### Task details
Please return the listing below exactly, without any of its pictures.
---- Information supplied
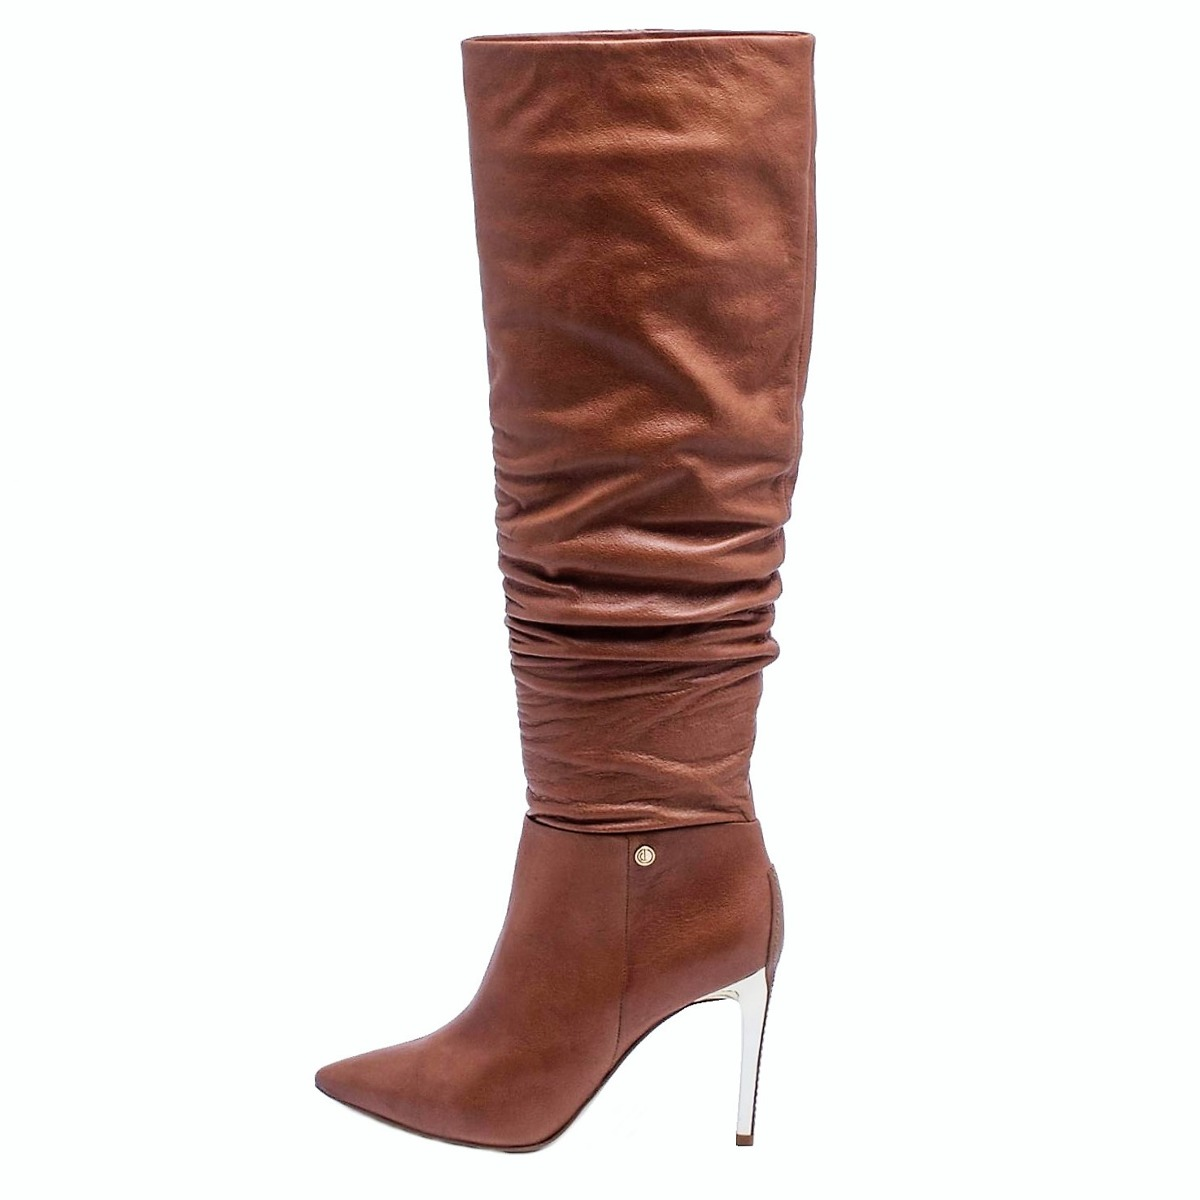 e881f8569a bota feminina dumond slouch over knee bico fino salto alto 4. Carregando  zoom.
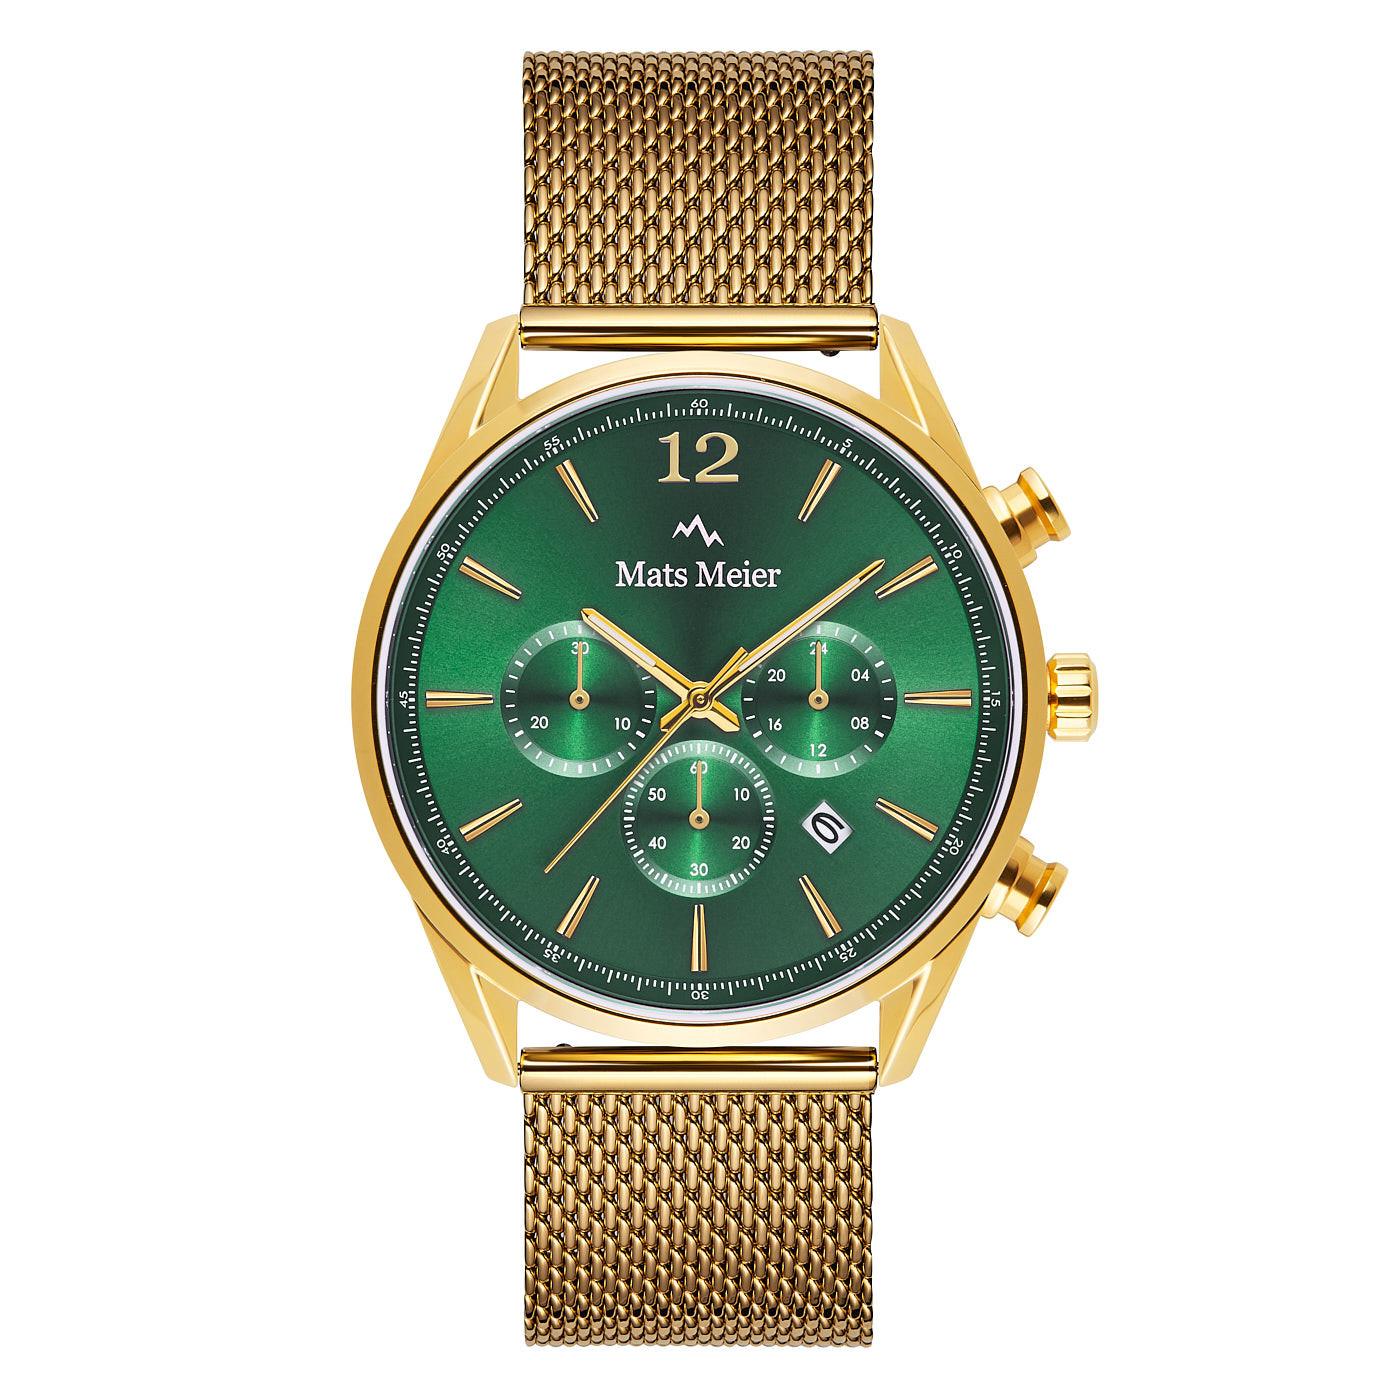 Mats Meier Grand Cornier montre chronographe vert / maille couleur or
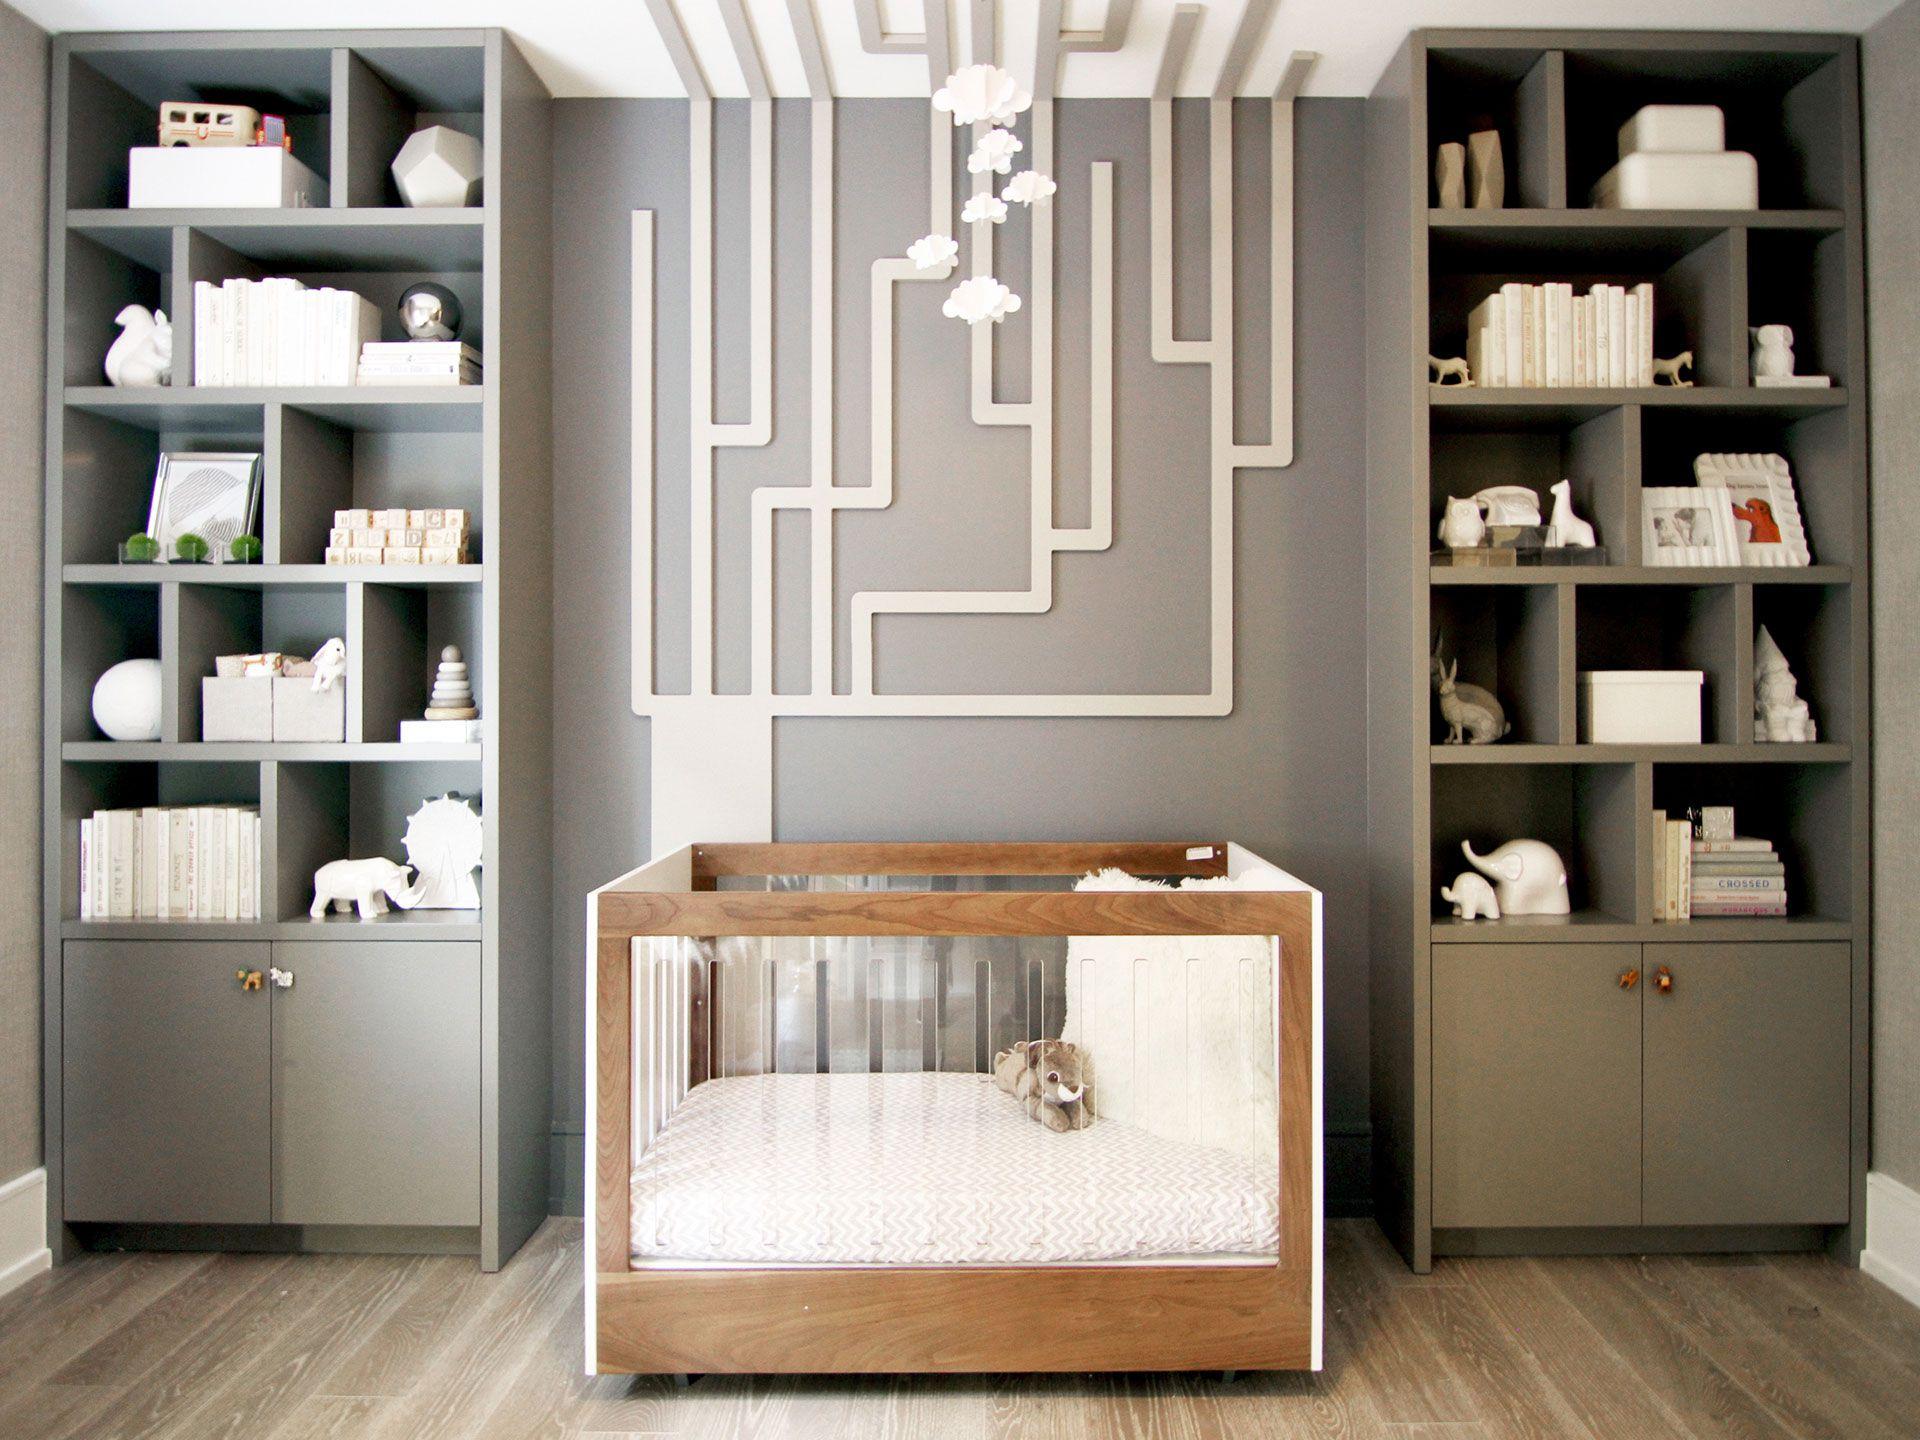 kings ridge modern residence tomas pearce interior design consulting inc
--------
### Exercise response
 e881f8569a bota feminina dumond slouch over knee bico fino salto alto 4. Carregando  zoom.
 Mats Meier Grand Cornier montre chronographe vert / maille couleur or
 kings ridge modern residence tomas pearce interior design consulting inc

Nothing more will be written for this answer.